Самопознание Дзено — страница 20 из 93

— Я уверен, что итальянский кот никогда бы так не поступил.

Ада рассмеялась и смеялась долго, очень долго. Мой успех мне даже показался чрезмерным, и поэтому я поспешил принизить и себя и свое приключение дополнительными объяснениями.

— Даже продавец был поражен поступком кота, который со всеми остальными вел себя безупречно. Это случилось именно со мной — то ли потому, что это был я, то ли потому, что я был итальянец. It was really disgusting[13], и я был вынужден бежать.

И тут произошла одна вещь, в которой мне следовало бы увидеть предостережение и возможность спасения. Маленькая Анна, которая до сих пор сидела не двигаясь и не сводя с меня глаз, вдруг во весь голос сформулировала впечатление, которое сложилось обо мне у Ады. Она воскликнула:

— Правда, он сумасшедший? Настоящий сумасшедший?

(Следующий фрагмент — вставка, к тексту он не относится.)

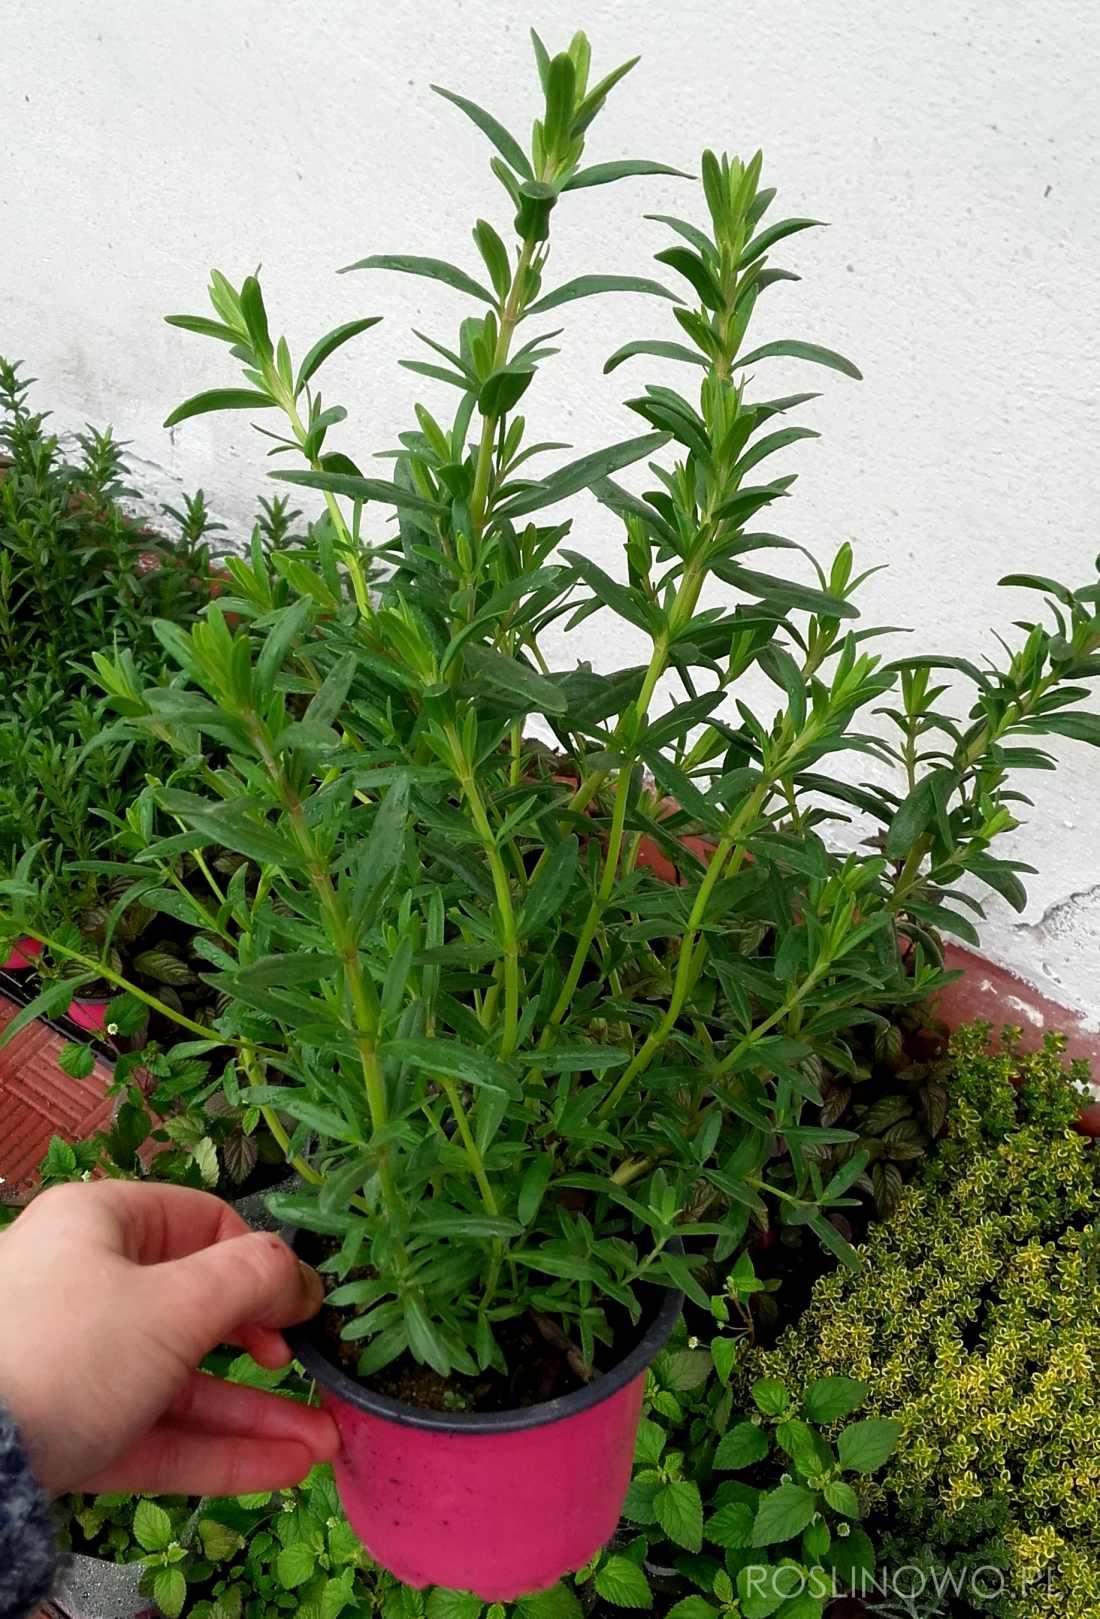 estragon - wieloletnia roślina ziołowa i przyprawowa na stanowiska słoneczne i półcieniste

Синьора Мальфенти ее одернула:

— А ну-ка помолчи! Как тебе не стыдно вмешиваться в разговоры взрослых!

Но это замечание только ухудшило дело. Анна завопила:

— Он сумасшедший! Он разговаривает с кошками! Его нужно связать — принести веревку и связать!

Аугуста, покраснев от досады, встала и понесла Анну из комнаты, увещевая ее и одновременно прося у меня прощения. Но уже у самых дверей эта маленькая змея взглянула мне прямо в глаза, скорчила гримасу и крикнула:

— Вот увидишь, тебя все равно свяжут!

Я был атакован столь неожиданно, что не сразу сообразил, как защищаться. Меня немного утешало то, что Ада была явно недовольна, услышав собственные впечатления, выраженные в такой форме. Наглость маленькой Анны немного нас сблизила.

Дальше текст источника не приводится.